The Cubs had promise coming into this season, displaying offensive depth that should have had no problem, say, not losing a game by 15 runs to the Giants. PCA looks much more disciplined at the plate and has broken out of his early slump to prove himself an MVP-caliber player once again. But the rest of the offense? Not so much. Alex Bregman approaches the plate much like my father when I dragged him to the pet store as a child. He's giving a sympathetic glance to the runners on base, but he's not bringing anybody home. Meanwhile, Dansby Swanson steps up to bat looking like a Little Leaguer, swinging at anything that moves in a desperate attempt to raise his minuscule .176 average. To make matters worse, the starting pitching rotation is in shambles, as Shota Imanaga is the only starter from the Opening Day roster who has managed to remain healthy. At this point, the bullpen should be converted into a hospital wing.

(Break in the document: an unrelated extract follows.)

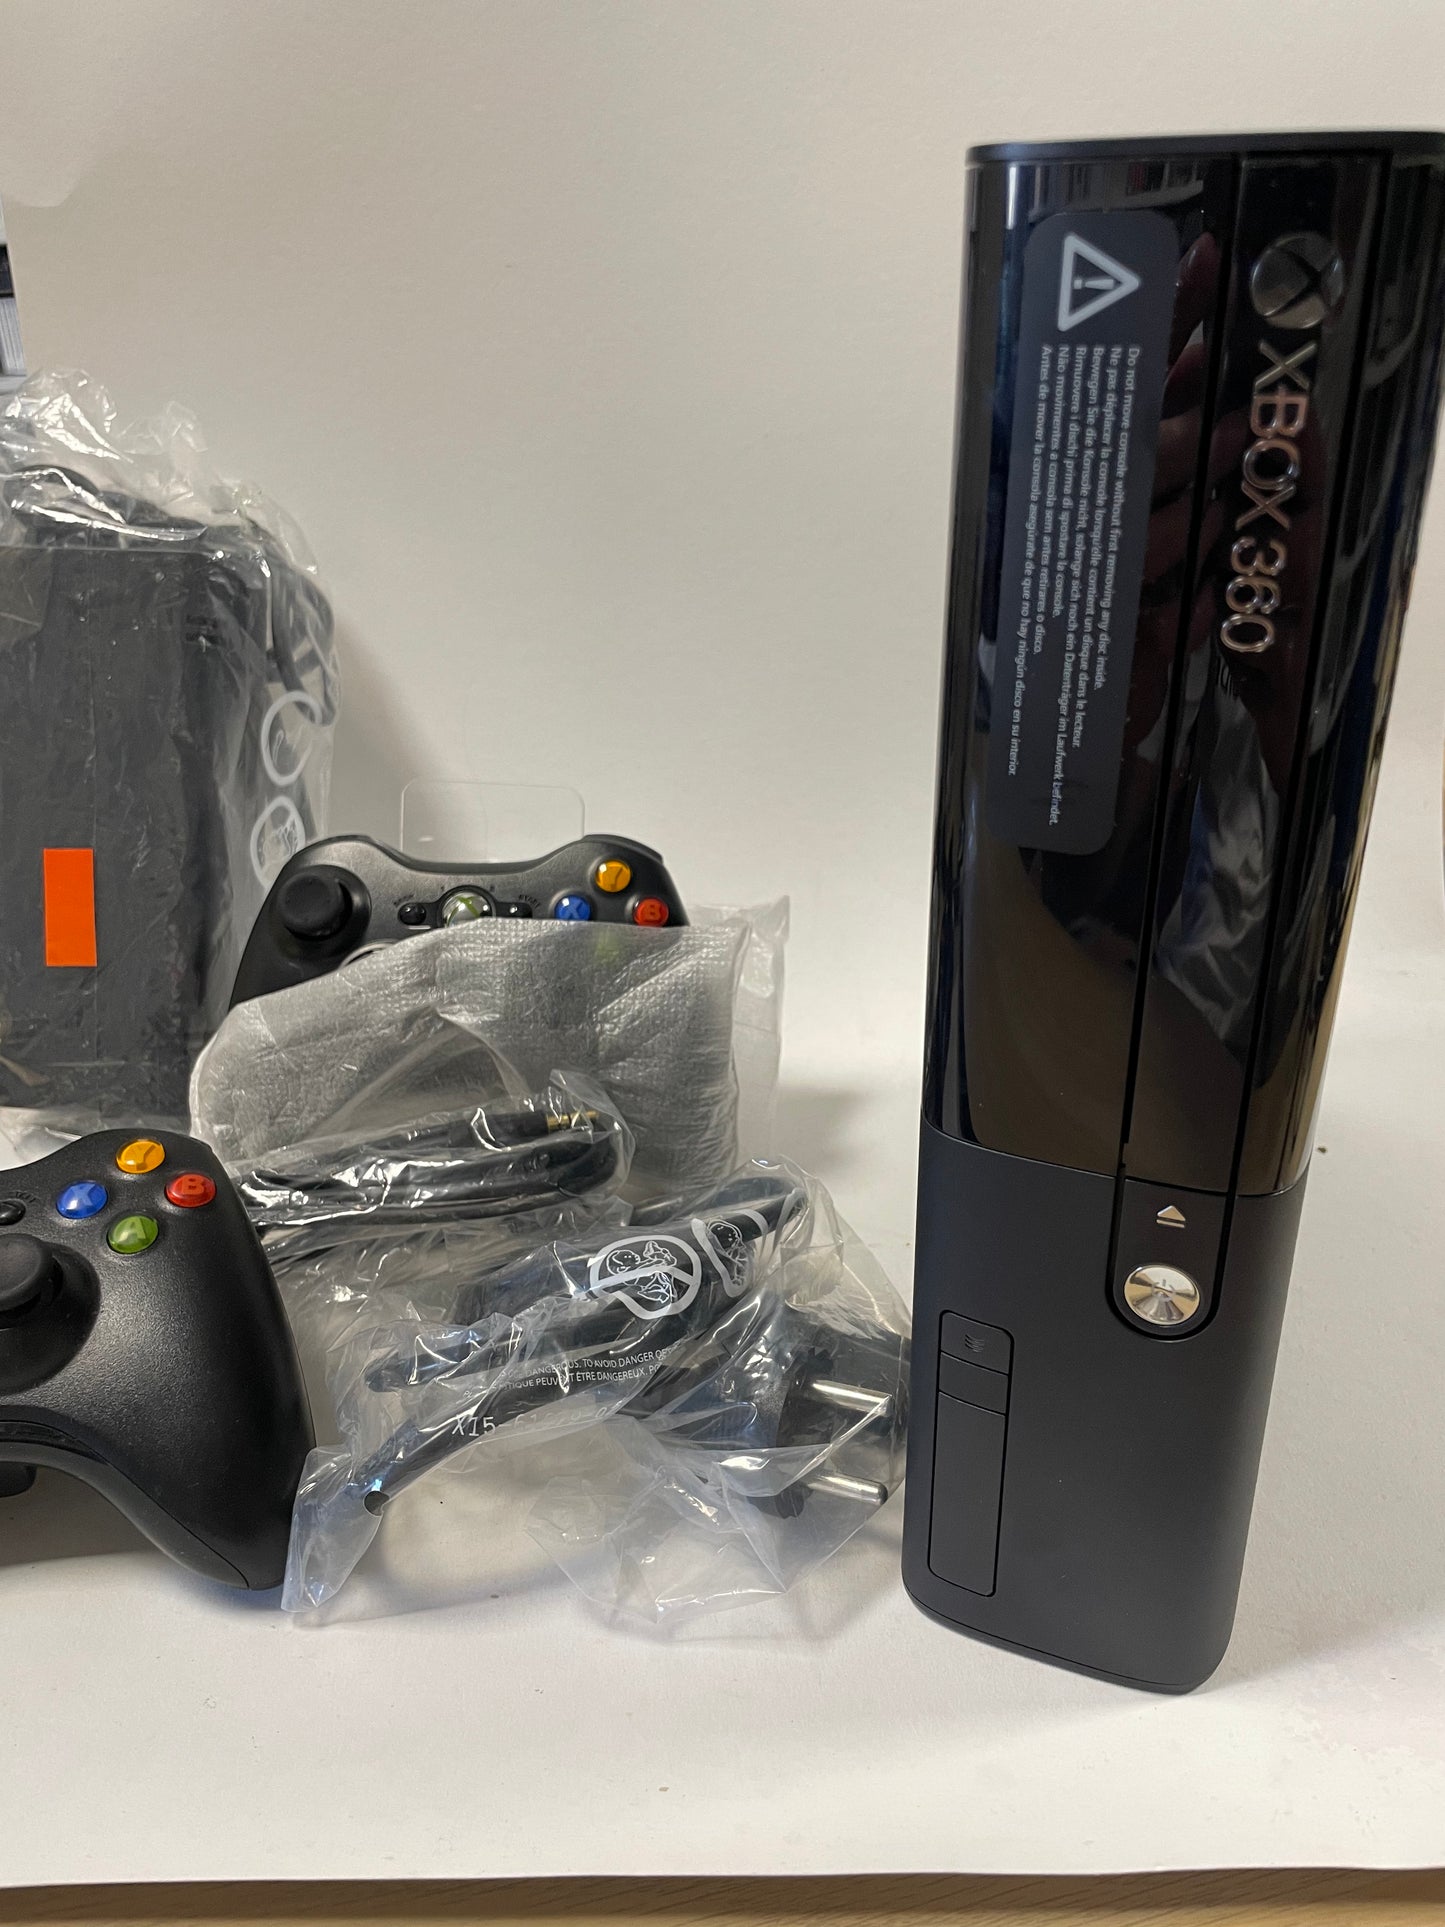 Schwarze Xbox 360 Elite (250 GB) und 2 Controller

In between these missing pieces, the Cubs still latch onto moments of glory. But it's not easy. To be a Cubs fan right now is like being repeatedly slapped in the face, and then helped up off the ground, and then slapped in the face again by a pitcher with a bum arm. And lest I be accused of being a biased Cardinals fan hating on the Cubs, let me clarify one thing: I am not actually a Cardinals fan. I am just a hater.